In this condition, the verb requires a theme (argument) and the natural position in Spanish for the theme is after the verb. We put two adjuncts in the sentence: a locative or an instrument.

-Verb of motion/Source-Goal: El hombre entra despacio en casa con la maleta (Pictures: Target: casa; Competitor: maleta; Distracter: luna, tractor). [The man slowly enters the house with the suitcase. Pictures: T: house; C: suitcase; D: moon, tractor].

Verbs of motion require a location after the verb to express the source of a goal (arguments) of the event. In this condition, we also included a locative or comitative (adjuncts) as a competitor.

-Verb of action/Instrument: La mujer esquia deprisa con el trineo por la montaña (Pictures: Target: trineo; Competitor: montaña; Distractor: vaso, playa). [The woman skis down the mountain fast with the sled. Pictures: T: sled; C: mountain; D: cup, beach].

In the verb of action condition, the verb requires an instrument (argument). We did not select verbs of action or instruments that had the same root (serrar-sierra [to saw-saw]). Moreover, we introduced a locative (adjunct).

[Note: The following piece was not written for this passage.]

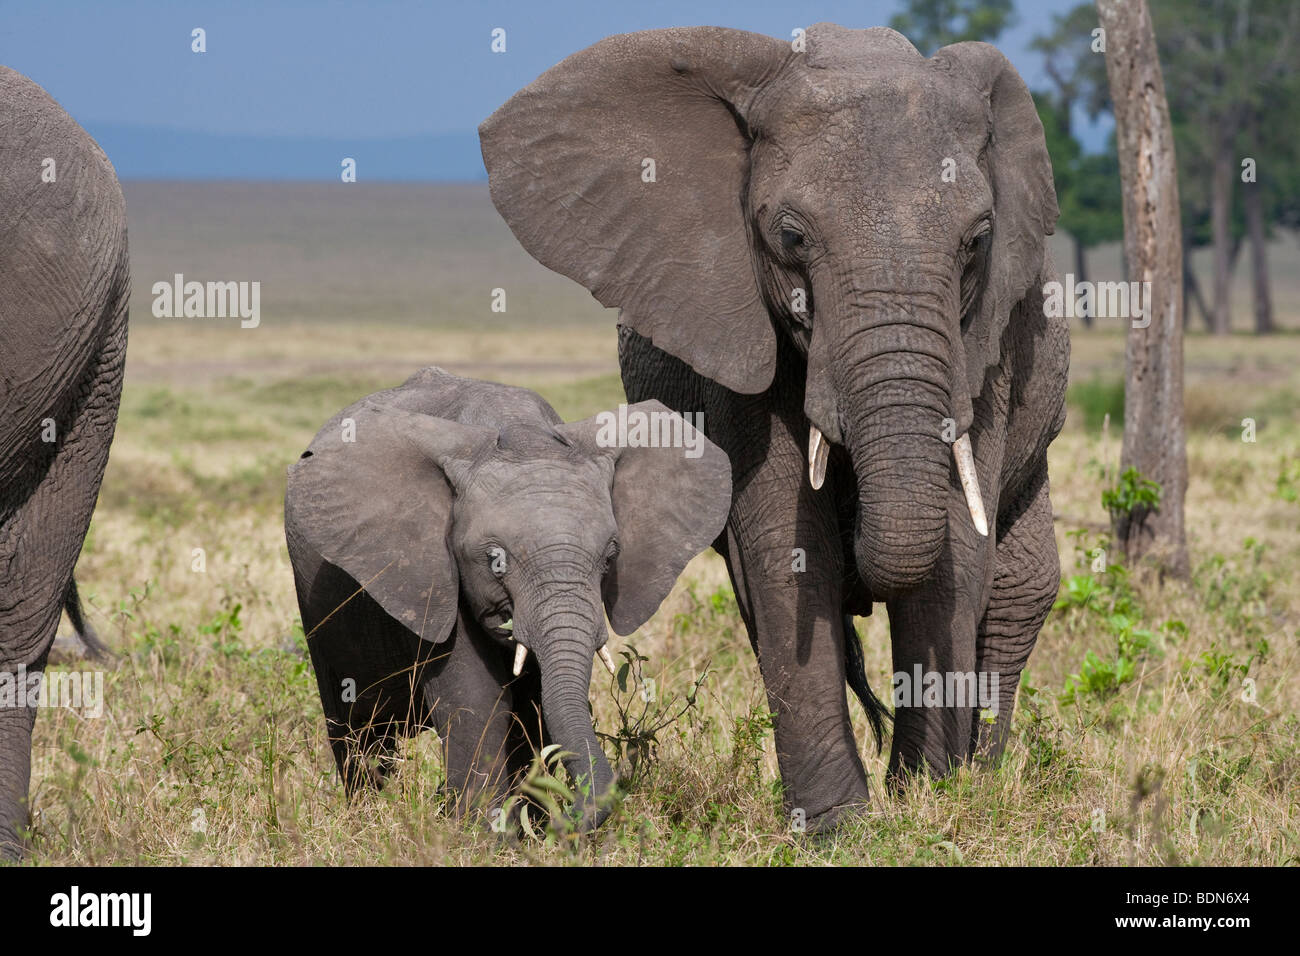 Mother and baby African elephants walking together big ears out through Savanna of Masai Mara Kenya Africa, front light, blue sky, green grass Stock Photo

-Intransitive verb/Locative: La niña duerme siempre en la cama con el osito (Pictures: Target: cama; Competitor: osito; Distracter: arbol, bombilla). [The girl always sleeps in bed with a teddy bear. Pictures: T: bed; C: teddy bear; D: tree, bulb].

In this condition, we selected intransitive verbs and locatives (adjuncts) that had strong semantic relationships amongst each other. These locatives were then typical locatives for the verb. Moreover, we chose instruments and comitatives as competitors.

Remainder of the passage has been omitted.